Jewels in Her Crown: Treasures of Columbia University Libraries Special Collections

Exhibition Themes > Art & Architecture > 53. Leon Battista Alberti

53.  Leon Battista Alberti (1404-1472).  De re aedificatoria. Florence: Nicolaus Laurentii, [1485] Avery Library, Classics Collection

Although Vitruvius's is the oldest architectural treatise to survive in the West, the first to have been printed from movable type was Alberti's De re aedificatoria.
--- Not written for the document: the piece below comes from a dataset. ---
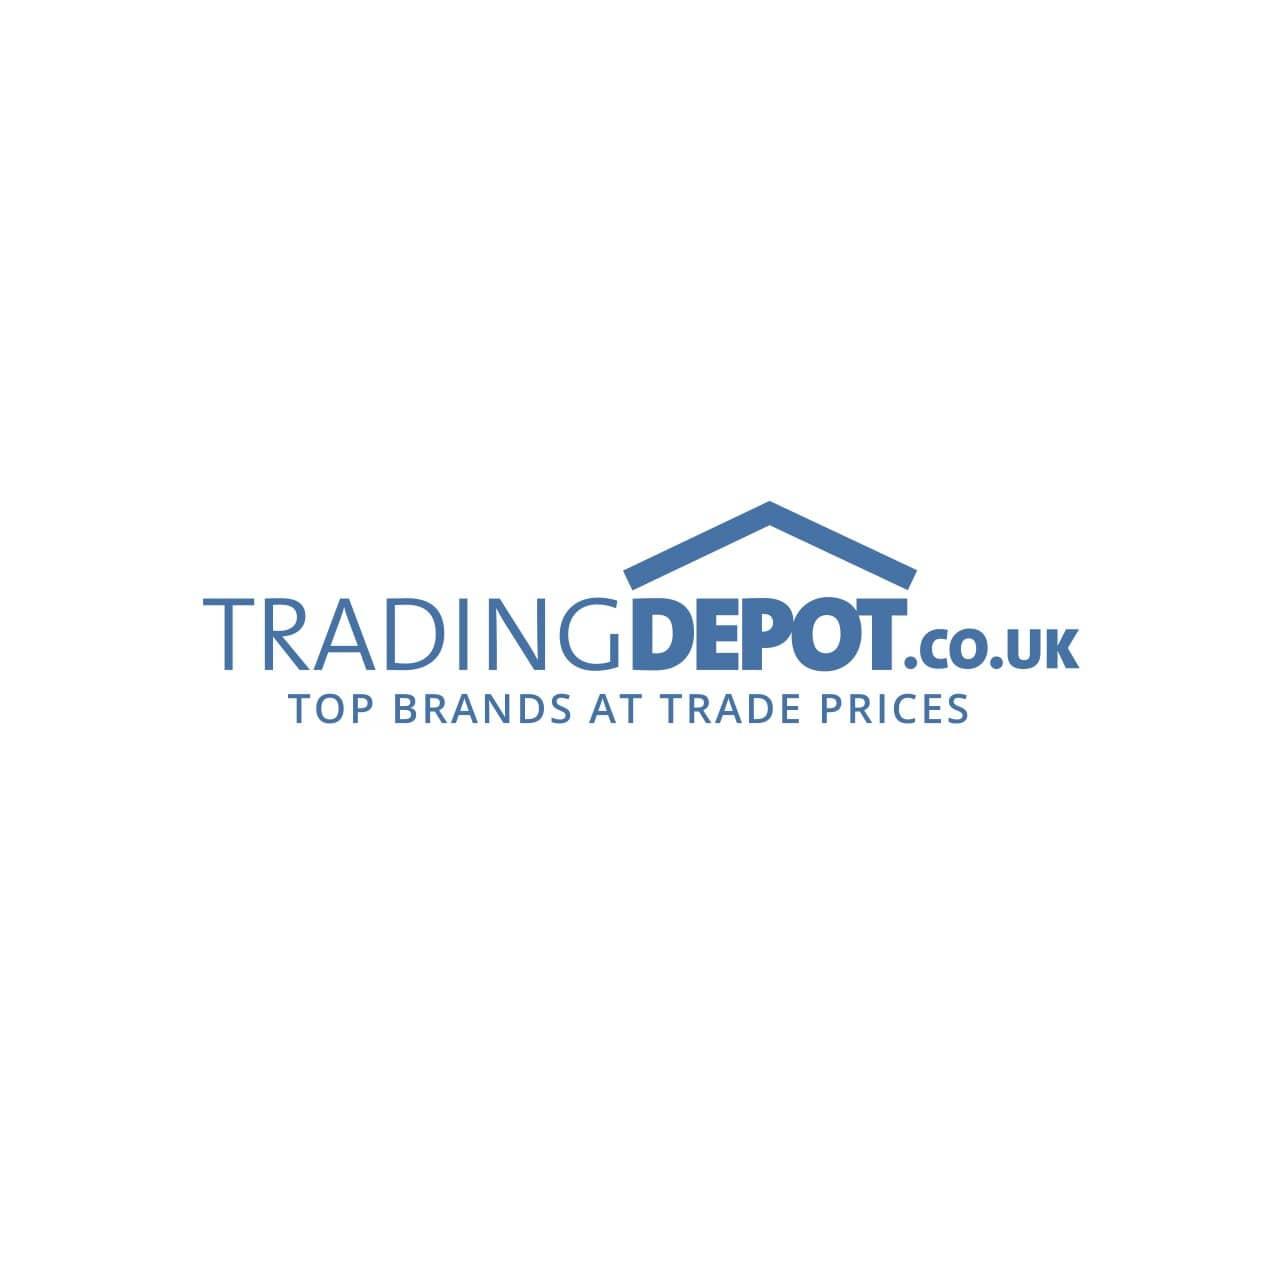 Kent & Stowe Garden Life Digging Spade Stainless Steel - K/S70100700

Indeed, Alberti's was the first architectural treatise to be written in the West since Vitruvius and consciously recalled the ancient work, being likewise divided into ten books. Alberti wrote his text for patrons as well as architects, in elegant Latin, a deliberate effort to bring status to architecture and the architectural profession. He presented his treatise in manuscript to Pope Nicholas V in 1450. The text was posthumously printed at Florence in 1485, with a preface by the scholar-poet Angelo Poliziano, addressed to Lorenzo de' Medici. Lorenzo already owned a manuscript of De re aedificatoria, and he may indeed have lent it to the printer for the setting of type.
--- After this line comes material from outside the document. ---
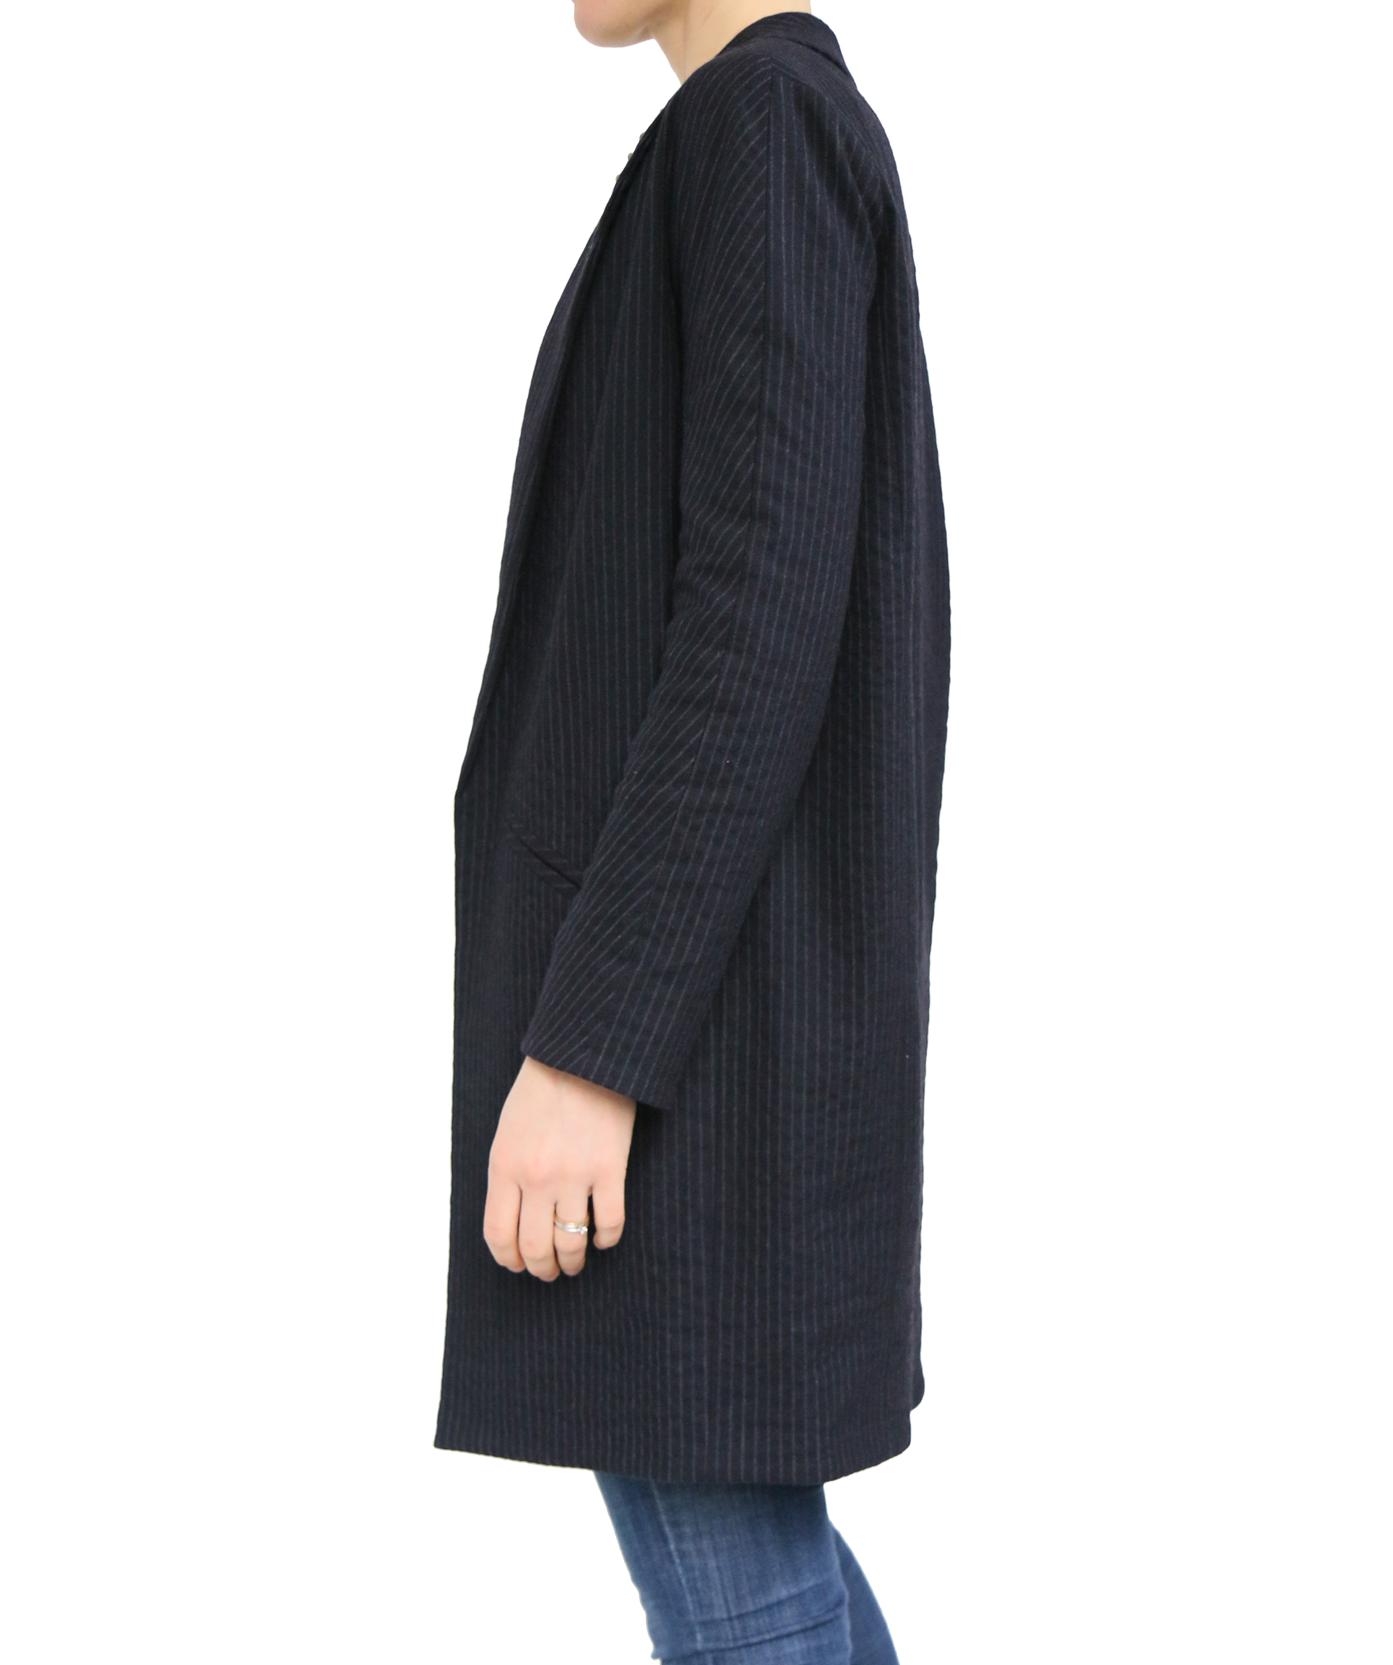 8-manteau-franceduvalstalla-patron-couture-atelier-scammit

Avery acquired the editio princeps within a year of its founding, from the New York City bookseller Stechert. The copy has been dutifully annotated by a non-Italian student of the first half of the sixteenth-century; that is, up until leaf 23 of 204, where he appears to have stopped reading. Alberti's treatise included no illustrations, but for the first book on Lineaments, the reader has added diagrams that reflect the author's discussion of angles, arcs, and circles. The volume was rebound in the late nineteenth century and bears the gilt arms of the Bibliothèque de Mello on its front and back covers.